Потом, уговорив все-таки покупательницу, он издавал громкий победный клич:
— Аллах, аллах! Все продано! Все разошлось! Последняя кучка, последняя кучка, последняя!..
И так продолжалось до тех пор, пока не выходил Абу Хамид и снова не утихомиривал его. И опять Абу Самира делал вид, что не замечает Абу Хамида, и еще громче ругался с покупателем, словно стараясь тем самым убедить Абу Хамида, что весь шум-гам не из-за него, а именно из-за этого покупателя. И только когда Абу Хамид уходил, оставляя кузницу на него, как это случилось сейчас, Абу Самира чувствовал себя наконец полностью свободным и мог кричать, не зная устали, в полную силу своих могучих легких:
— Последняя кучка! Последняя кучка! Налетай, забирай!..
ГЛАВА 16
Абу Хамид вбежал в кофейню Таруси. В спешке он даже не заметил, что надел свой тарбуш задом наперед. При виде его Таруси не мог удержаться от улыбки, представив, как он бежал через весь базар в таком комичном виде.
— Да, Абу Хамид, попали, видно, мы с тобой в ловушку, — произнес Таруси, стараясь быть серьезным. — Наверное, сегодня уже не придется слушать радио в кофейне. Полиция что-то пронюхала.
— Объясни ты мне все толком! — попросил Абу Хамид.
И чтобы не выдать своего волнения, он, усевшись на стул, добавил, стараясь казаться спокойным:
— По-моему, тебе, Таруси, волноваться нечего. Тебе-то они ничего не сделают, эти прихвостни приблудных собак! Ты же знаешь, что Роммель уже в Эль-Аламейне.
— Эль-Аламейн, братец, далеко, — ухмыльнулся Таруси. — А вот за моей кофейней полиция уже следит. Так что надо что-то делать.

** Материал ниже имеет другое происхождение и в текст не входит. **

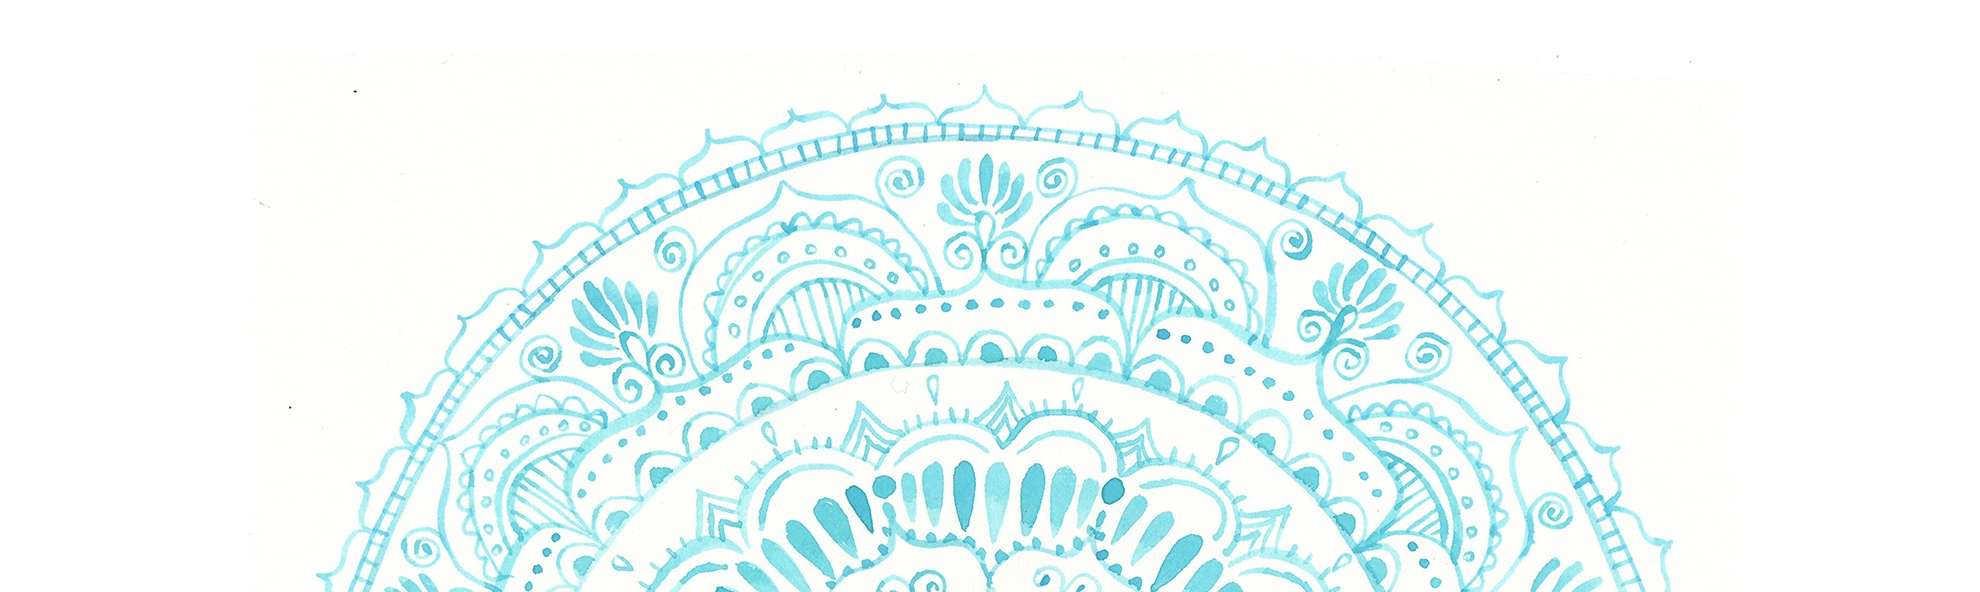 Mandala-Yoga-Art-Watercolor.jpg

— А ты что предлагаешь? — спросил Абу Хамид.
— Радио по-прежнему в твоем распоряжении. Слушай себе на здоровье, но не в кофейне. Ясно одно: тут не обошлось без наших недругов.
— Думаешь, Кямиль и его дружки?
— Ну что ты! Учитель Кямиль — враг Гитлера, но не наш.
— Э-э, Таруси, ты еще не знаешь этих голубчиков!
— Почему? Я достаточно хорошо знаю всех своих посетителей. Но сейчас речь не об этом. Ты, Абу Хамид, вот что не забывай: как бы там ни было, слушать Берлин теперь нельзя.
Они говорили вполголоса, уединившись в углу кофейни. Посетители почти все уже разошлись. Абу Мухаммед, как всегда, нес свою вахту у мангала. Он стоял спиной к стене, где была специально выдолблена ниша для приемника.
Этот приемник Таруси привез еще до войны. Он был очень рад своему приобретению и почти не разлучался с ним. Часами он мог просиживать у радиоприемника, слушая разноязычные голоса мира. Когда появилась кофейня, он посоветовался с Абу Мухаммедом, куда лучше поставить приемник.
Абу Мухаммед высказался за то, чтобы он стоял в кофейне на самом видном месте, чтобы все посетители могли его видеть и слышать. Но Таруси не согласился с ним.
— Я его приобрел для себя, а не для посетителей.
— Ну тогда спрячь его в сундук и сиди на нем.
Таруси рассмеялся.
— А ты думаешь, это игрушка?
— Я ничего не думаю, — проворчал Абу Мухаммед. — Делай как знаешь.
Таруси внимательно осмотрел кофейню, прошел за стойку, встал на стул и молча начал долбить в стене нишу. Потом он обмотал приемник тряпкой и, заталкивая в нишу, строго наказал Абу Мухаммеду:
— Чтобы никто без моего ведома приемник не трогал, понятно?
Обычно Таруси всегда разрешал пользоваться приемником, и все посетители крутили приемник как хотели, пока это им не надоедало. Потом они оставили его в покое. Долгое время до него почти никто и не дотрагивался. Но началась война. В Сирию вступили союзные войска. В кофейню зачастили ночные посетители, которые приходили специально послушать радио. Особенно их интересовало, что передают «оттуда». Они, не спрашивая разрешения у Таруси, сами доставали приемник из ниши, ставили его на стол посреди кофейни и, обступив его плотным кольцом, внимательно следили за медленно вертящейся по шкале стрелкой. Когда она наконец останавливалась на отметке «Берлин» и раздавался знакомый голос арабского диктора Юниса: «Эй, арабы!» — лица их сразу становились сосредоточенно-внимательными и все замолкали. Послушав последние новости, расходились кто куда. Абу Хамид направлялся в другие кофейни, где уже в своей интерпретации пересказывал берлинские новости, добавляя и изменяя их, как ему заблагорассудится.